» Exercise data
=====

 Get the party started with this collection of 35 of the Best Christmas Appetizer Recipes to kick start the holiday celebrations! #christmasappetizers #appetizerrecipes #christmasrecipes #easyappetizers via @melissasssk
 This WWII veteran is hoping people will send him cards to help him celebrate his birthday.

=====

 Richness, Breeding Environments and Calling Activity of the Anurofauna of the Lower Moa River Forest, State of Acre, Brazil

=====

A verbatim transcription is needed of the lines above, starting at the line with "Get the party" and ending at the line with "This WWII veteran", both included, and of nothing else.

 Get the party started with this collection of 35 of the Best Christmas Appetizer Recipes to kick start the holiday celebrations! #christmasappetizers #appetizerrecipes #christmasrecipes #easyappetizers via @melissasssk
 This WWII veteran is hoping people will send him cards to help him celebrate his birthday.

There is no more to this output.